後に来たマカナ達が設置した松明によって視界は確保されている。
そこで、集団からぴょこっと飛び出したマカナ達。次は彼女達が案内をする番だ。
のしのしと大股で歩くムクスケと、その肩に乗るマカナ。彼らの進んでいく先にあったのは、あちこちがやたらめったらに破壊された大部屋。

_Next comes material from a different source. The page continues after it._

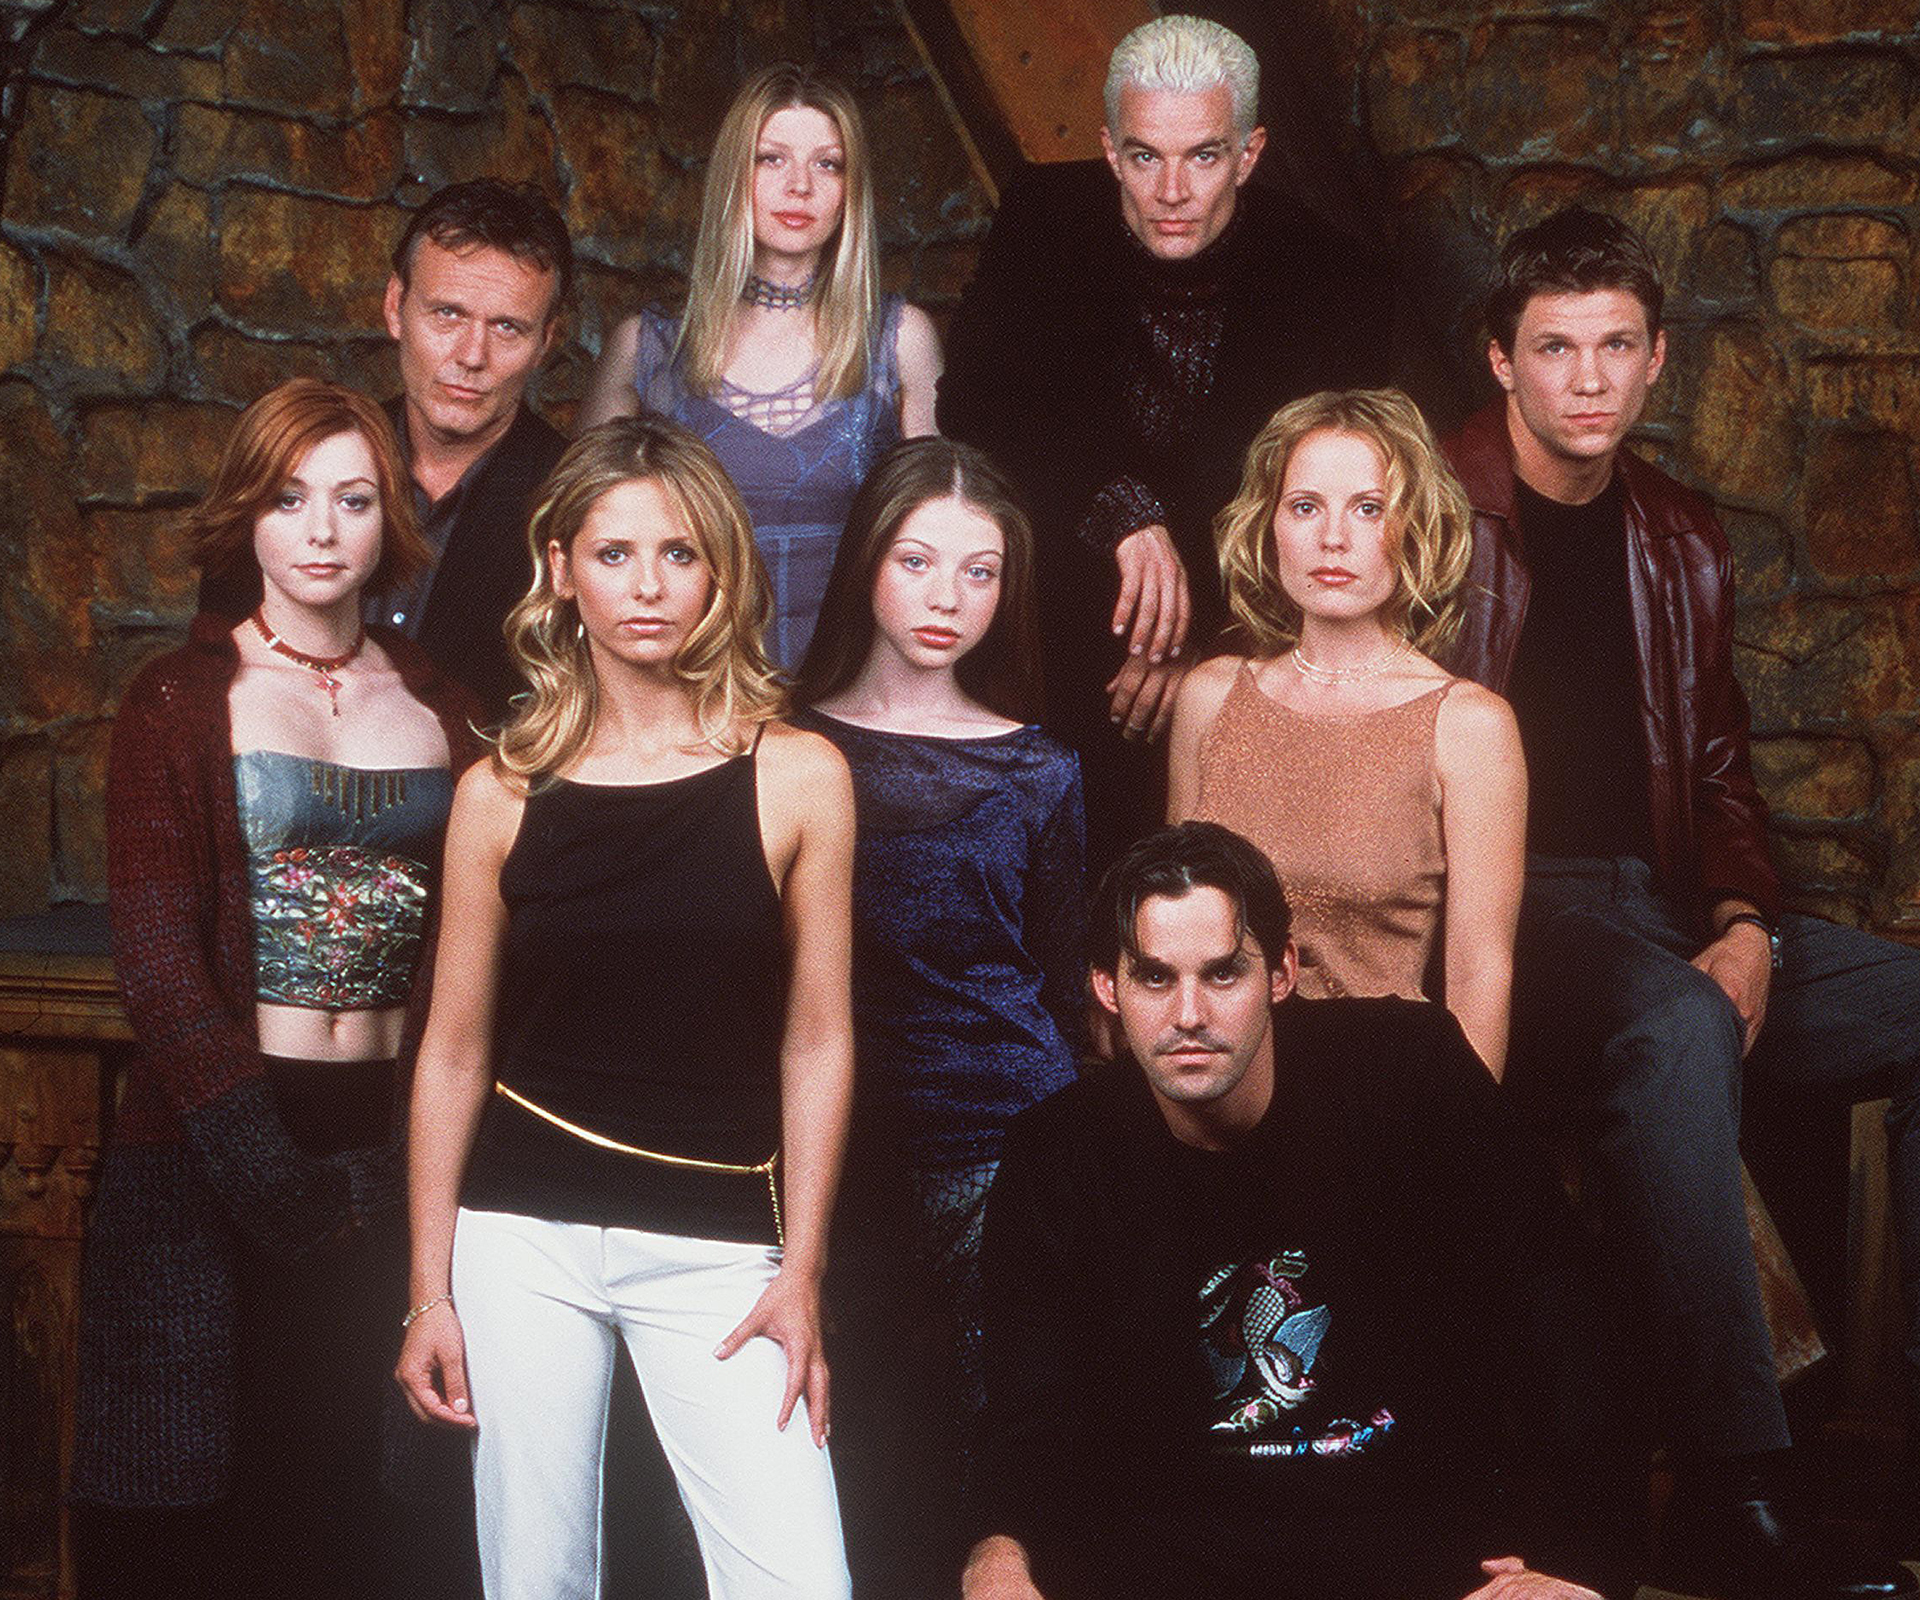 The cast of Buffy.

周りの壁には大きな何かで思い切り殴りつけられた様な穴がいくつも空けられている。
「取り敢えず根掘り葉掘り探せって事だったからナ。適当に荒らしてみたら当たったんダ」
自慢げにそう言うと、穴の一つに腕を突っ込んだ。ごそごそと中を探る様に動かすと、がちりと金属音が響く。直後、部屋全体が細かく振動する。
そして更に部屋の壁が一枚、土埃を撒き散らしながらせり上がっていく。もうもうと広がっていく煙は、間も無く部屋全体を包み込んだ。
煙の中のあちこちから、げほげほとむせる声が無数に重なる。やがて視界が晴れると、それらの声は静かに息をのむ音に変わった。
彼らの目の前に現れたのは、厳しい意匠が施された巨大な鉄扉。しばらくは呆気にとられていた彼らも、やがてぎらぎらとした強欲そうな瞳に変わる。
冒険者が迷宮の奥地で、隠された巨大な扉を目の当たりにする。心躍らせる要因は何一つ欠ける事なく揃っていた。
「ばおおおおッ!」
怒声を轟かせ、その豪腕でもって思い切り殴りつける。甲高い割れ鐘が響く様な音が響き渡り、蝶番ごと吹き飛ばされて奥の闇へと消えていった。
「さア、ここから先は未踏の大迷宮ダ! お前ら行け行ケー!」
ウオオオオオオッ!
鬨の声を上げ、自分たちを極限まで奮い立たせる。そうして、彼らはめいめいに明かりを手にとって目の前に立ちはだかる闇へと挑んで行った。